Вещи со времён бабушки и мамы все качественные и сейчас, через десятки лет, я ношу кофточки, перевязанные мною из распущенных бабушкиных жакетов, свитеров. Шёлковые и муаровые ленты продавались мною на «блошином рынке» – стилистам и модельерам. Ну, а уж единственная сохранившаяся с довоенных времён немецкая хрустальная конфетница звучит как колокольчик. Те же вещи, которые я покупала на антикварных салонах в 90-х годах, – сохранились чеки с Художественного салона на Октябрьской, – все оказались подделкой. У одних часов отвалились ножки в первый же день после покупки. У других часов отвалилась шпиатровая рамка. Механизмы оказались советские. И это я поняла только в этом году, когда собралась их продать. А те цены, например, 300 рублей, когда доллар стоил 60, а затем 92 копейки, сейчас никто не даёт. Москва полна дилерами, а не коллекционерами. Цены снижают до плинтуса, а потом для себя повышают до потолка. За неповторимую вышивку начала того века дают гроши, а потом на аукционах получают достойные бабки.
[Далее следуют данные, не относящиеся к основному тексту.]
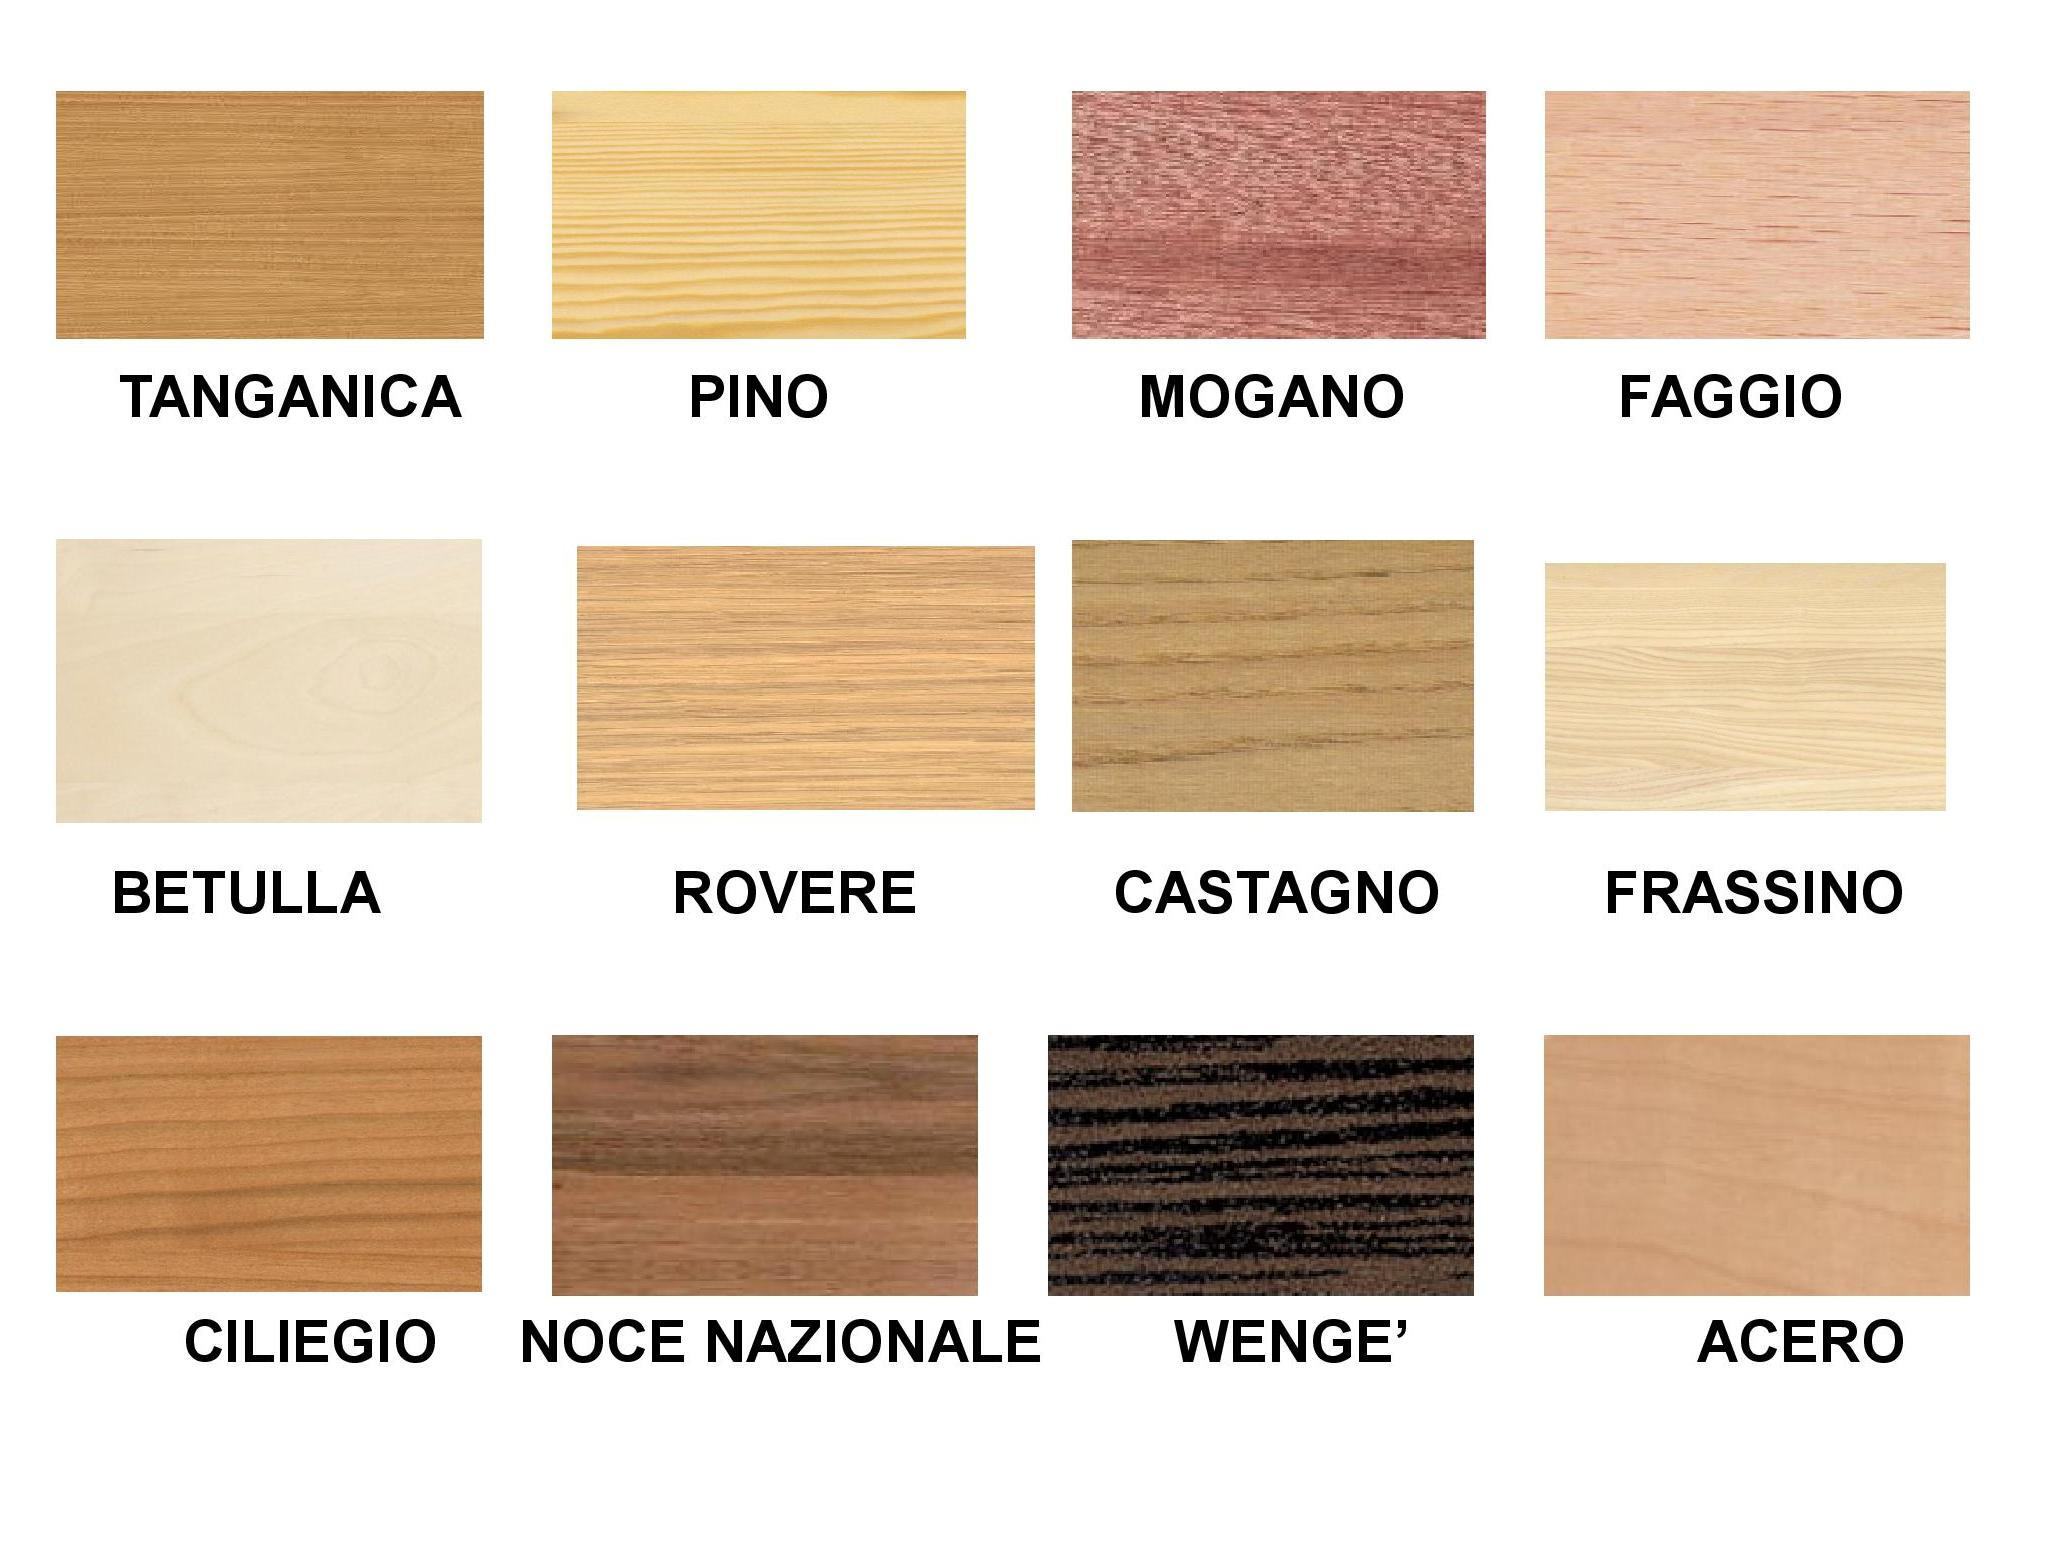 Squarcina essenze e guarnizioni squarcina - Tipi di legno per mobili ...

Прочитала у Людмилы Улицкой про инвалидов. Она вспоминает мешки-обрубки, висящие на крючках в госпитале на Валааме, и колясочников – тележка на подшипниках, в руках – две «щётки». Вот такой дядя Саша имел сапожную мастерскую в 1-ом Смоленском переулке. Сандалики чинились у него. Позже на углу Смоленской возникла палатка ассирийца, он дома чинил обувь и был уже на двух ногах.
О причёсках
Разбирая фотографии с самого детства я проследила эволюцию причёсок. Сначала «под горшок» стригли всех малышей. И в 1-ом – 2-ом классе на фотографии за партами сидят одни «горшки». Потом – пробор с бантиком. Волосы у меня непослушные, их очень много, никакие заколки не помогают, я всегда растрёпана, и маму вызывают в школу. Скольких слёз мне стоило это времечко. Не за себя волновалась, а за маму – что она теряет время. Потом две косы толщиной с кулак на прямой пробор. С этой причёской я окончила школу.
Сейчас на программе «Умники и умницы» увидела умнейших девочек из военных училищ с двумя косичками. Как это мне напомнило то время!
Потом в институте – косой пробор, волна и одна коса. А потом пошли начёсы. Я стала ходить в парикмахерскую, сидеть под горячей сушилкой, испортила себе кожу, появилась перхоть. Из-за несчастной любви я срезала волосы, и мне очень шла короткая стрижка. Но опять-таки надо было ходить в парикмахерскую. Купила японский парик из натуральных волос. Надоело, сделала шиньон из своих же срезанных волос и закрепила его на круглом гребешке. Мне очень шла эта причёска. А в 60 лет муж мне сделал подарок – бантик. Шиньон лежит в шкафу, парик лежит в шкафу, волос осталось с «гулькин нос», но я ношу бантик.